Kwadwo Mpiani Hurts Kufuor's Cause, Really!

Kwadwo Mpiani Hurts Kufuors Cause, Really!

That former President John Agyekum (Kofi Diawuo) Kufuor has carved a remarkable niche for himself in the pantheon of Ghanaian leaders and heroes cannot be gainsaid. Still, as the Chief-of-Staff for unarguably the most dynamic and progressive premier of Ghana's Fourth Republic, Mr. Mpiani made himself quite a bit notorious and downright obnoxious by acting as the public proxy for the apparent animus that Mr. Kufuor may well have harbored for Nana Addo Dankwa Akufo-Addo

None of us avid watchers of the Fourth-Republican scene have so soon forgotten the publication of the National Merit/Honors List on which the names of nearly every one of the putative political foes among the key operatives of the National Democratic Congress appeared, as well as the names of NPP stalwarts widely known to be in the good books of President Kufuor, except Nana Akufo-Addo's. There were, for example, the names of Messrs. Kojo Tsikata (the man who, as Mr. Rawlings's National Security Adviser, supervised the brutal assassination of the three Akan-descended Accra High-Court Judges), John Evans Atta-Mills and John Dramani Mahama.

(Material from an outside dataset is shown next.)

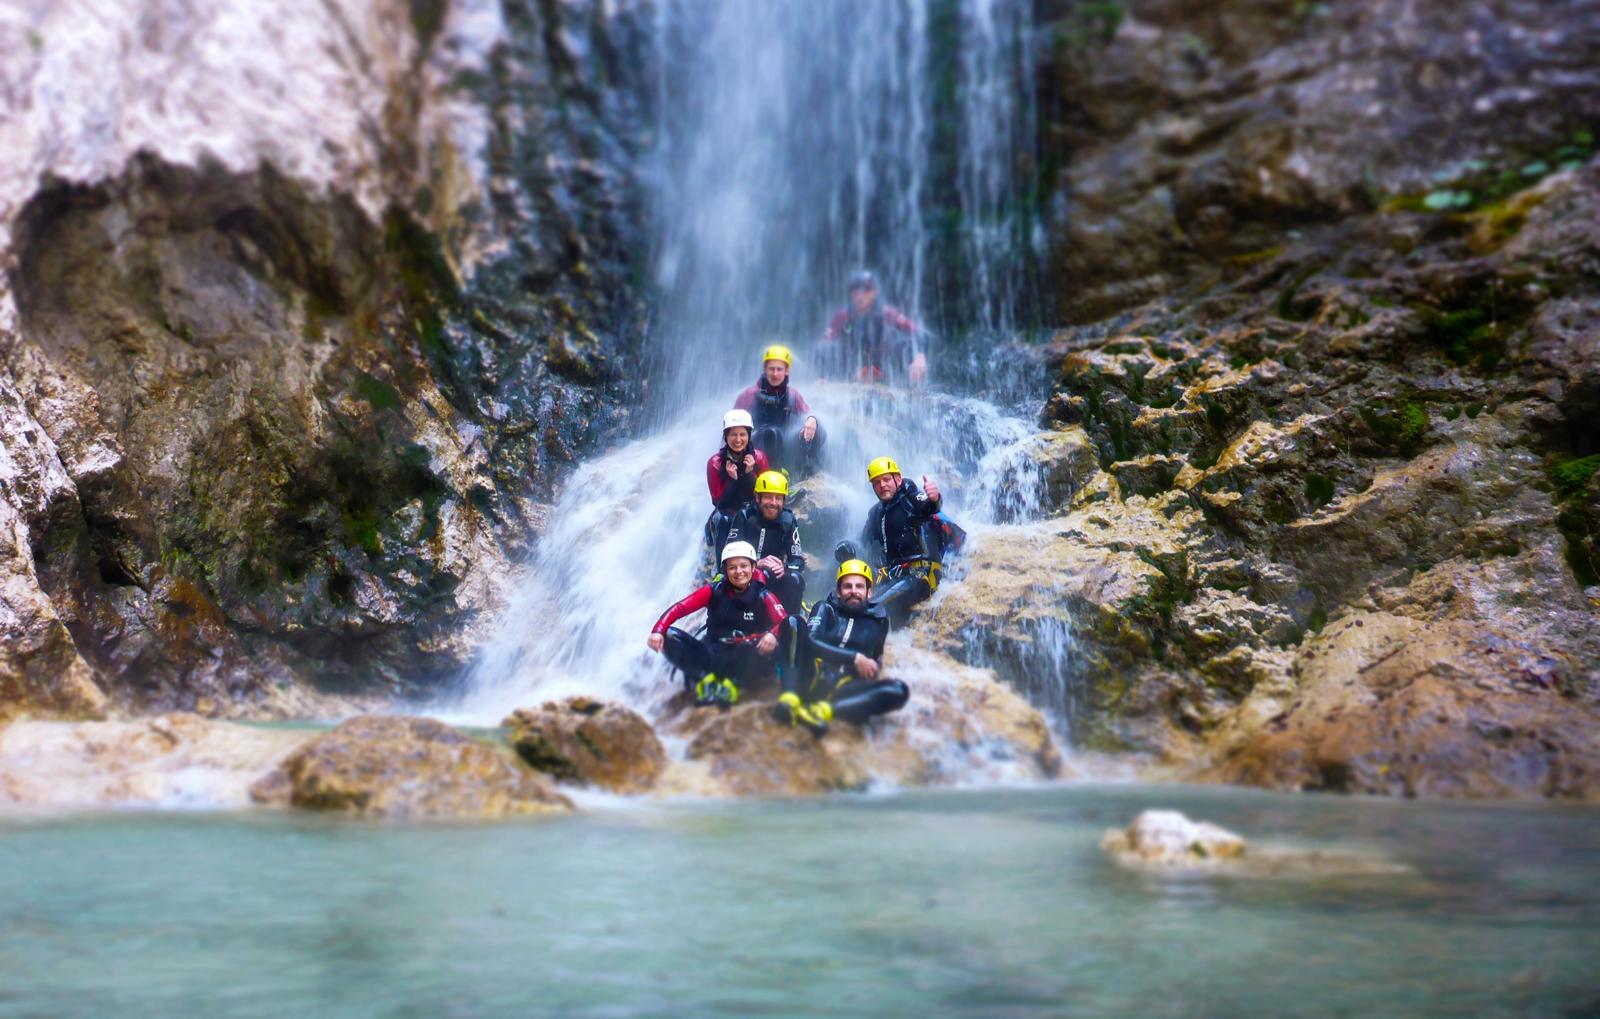 canyoning-tour-schneizlreuth-bg6

And when Prof. Mike Ocquaye publicly criticized the Presidency for treating the then-ruling party's Presidential Candidate for Election 2008, Mr. Mpiani further slighted the former Attorney-General and Foreign Minister by listing Nana Akufo-Addo's name among the second-tier of Order-of-Merit awardees. It would take another wave of public criticism from within for the former NPP-MP for Akyem-Abuakwa South to be brought on par with Mr. Kufuor's former political associates of the so-called National Democratic Congress.

Actually, it was under the antecedent of the NDC, the so-called Provisional National Defense Council (PNDC) and the then-Flt.-Lt. Jerry John Rawlings, that the future President Kufuor had served as a cabinet appointee in charge of Local Government. More mature and principled politicians like Mr. Victor Owusu, also a former Attorney-General in the Busia-led government of the Progress Party, had flatly rejected the lurid overtures of the wet-eared half-Scottish Mr. Rawlings.

And so it is rather ironic for Mr. Mpiani to claim that the hard-earned reputations of every one of the rational and objective critics of Mr. Kufuor "were made who they are today [only] after serving in the erstwhile Kufuor administration" (See "NPP Fails to Recognize Kufuor's Contributions - Kwadwo Mpiani" MyJoyOnline.com 4/15/14). I don't remember Prof. Ocquaye, for instance, being any far less significant a personality in Ghana prior to the emergence of Mr. Kufuor as a dominant figure on our national political landscape. And neither was the name of Nana Akufo-Addo totally unknown, both in terms of pedigree and on a personal level.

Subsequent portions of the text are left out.